There were fireplaces beside South Lake where they could roast wieners and marshmallows and heat cocoa, and there was nothing much nicer than a picnic at South Lake Park. The only sad part of this picnic was saying good-bye to the turtles. Everyone was sad except the turtles and possibly Dorothy and Father, who kept remembering the bathtub. So finally the time for parting came.
When the Ridgew
ays had all eaten well, and the turtles had been given a final treat of raw beef and all the ant eggs they were interested in, George took the five turtles to the edge of the lake and let them go. The rest of the Ridgeways stood and watched with mixed emotions. Five small turtle heads were raised as if they sniffed the air, and then, with speed, just as if they were racing in turtle tracks, the turtles began to waddle away toward the water. Hi Pal! was the last, and even after he was in the lake, swimming blissfully, he turned his head and looked at them as if to say, “Good-bye” and “Thanks for everything.” George was touched. Too late he wondered if it wouldn’t be possible to hire a boat and collect them all again and return them to the bathtub. But Father said, “No,” and Mother voiced the feelings of the others when she said, “They’ll be happier this way—and so will we.”

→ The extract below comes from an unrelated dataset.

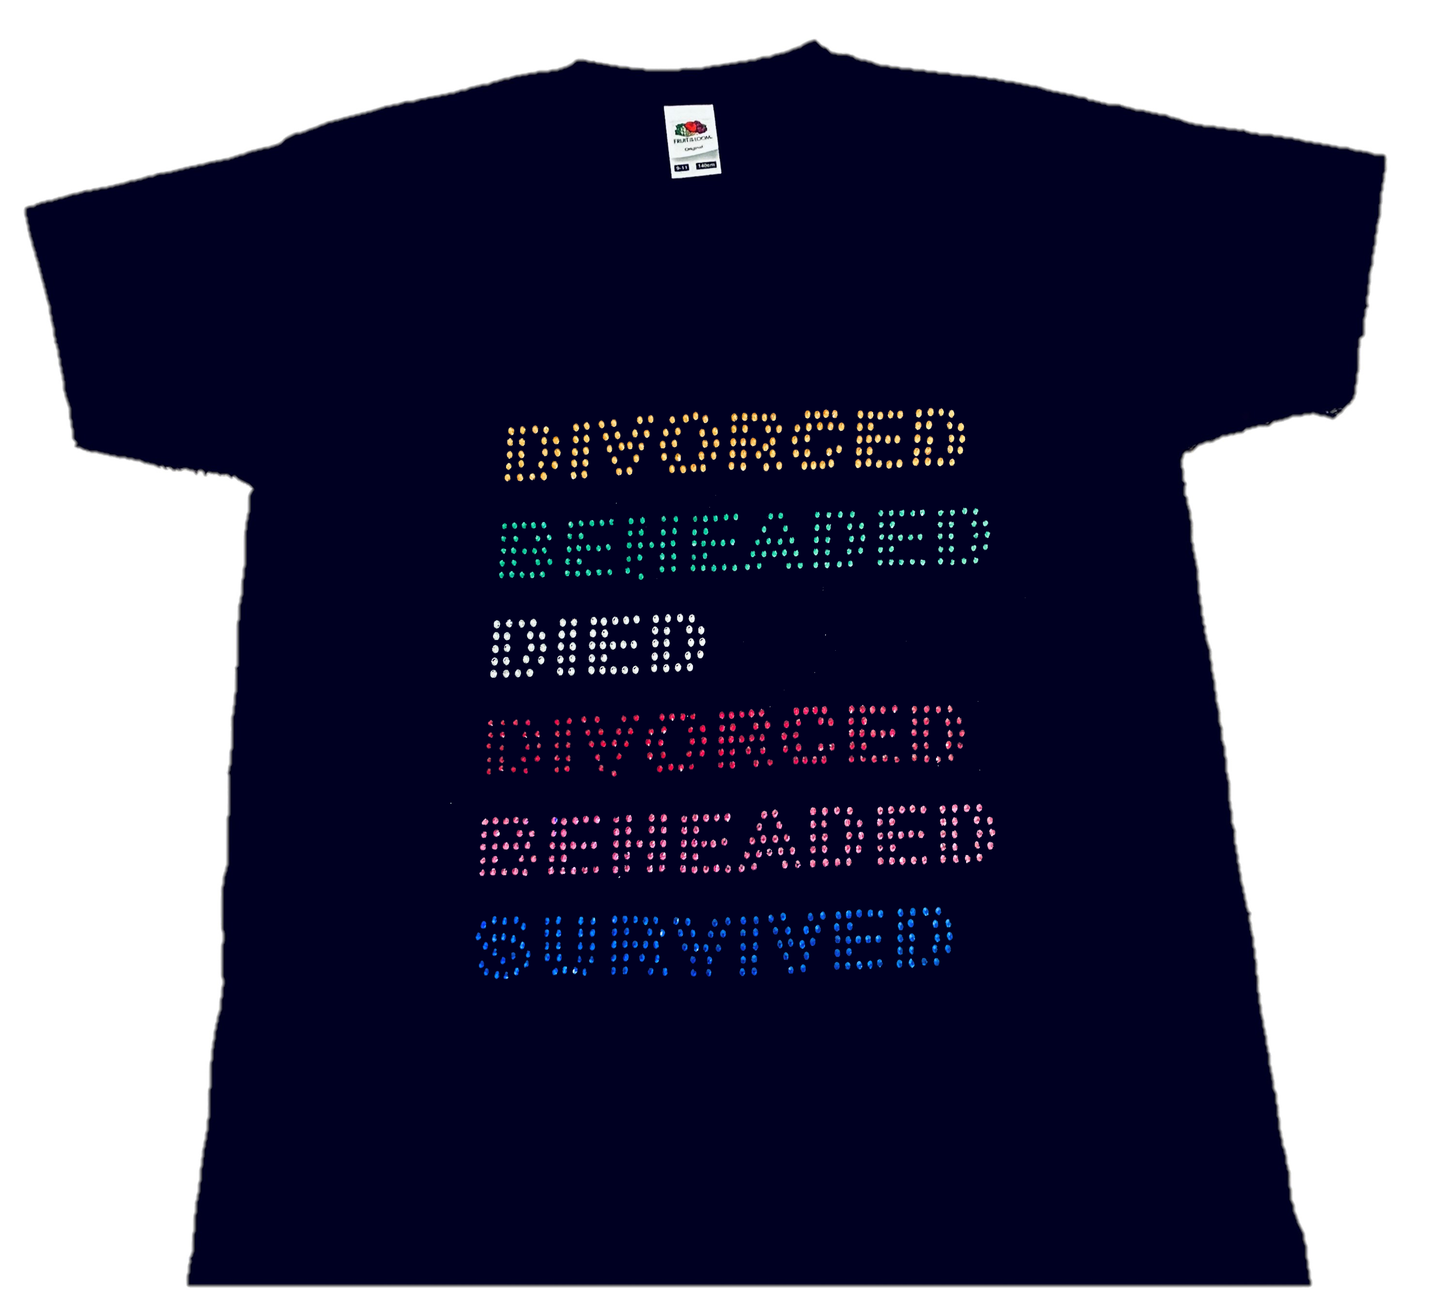 Six Divorced Beheaded Survived T-shirt Children's

On the way home in the car Dumpling took hold of Susan’s hand. George and Father were singing,
“’Twas Friday night when we set sail,
And our ship not far from the land—”
Mother and Dorothy were talking about what they had better bake tomorrow.
Susan squeezed Dumpling’s hand.
“Susie,” Dumpling asked, “do you think that we were very, very good to let the turtles go?”
“Yes, I think so, Dumpling,” Susan said.
“Very, very good?” insisted Dumpling.
“Yes, very, very good,” said Susan.
When they reached home Tommy Tucker was there for his lesson, and Susan and George helped Mother unpack and wash the picnic things so that Dorothy could begin at once to teach him.
Only Dumpling went away by herself. She went and stood in front of Dickie’s cage and looked at him. At the sight of her, the canary got off his swing and began to flutter and leap about, uttering cheeps and twitters of alarm. He never could or would get used to her. Dumpling stood a long time in silent contemplation, and the more she looked at Dickie, the more thoughtful she became.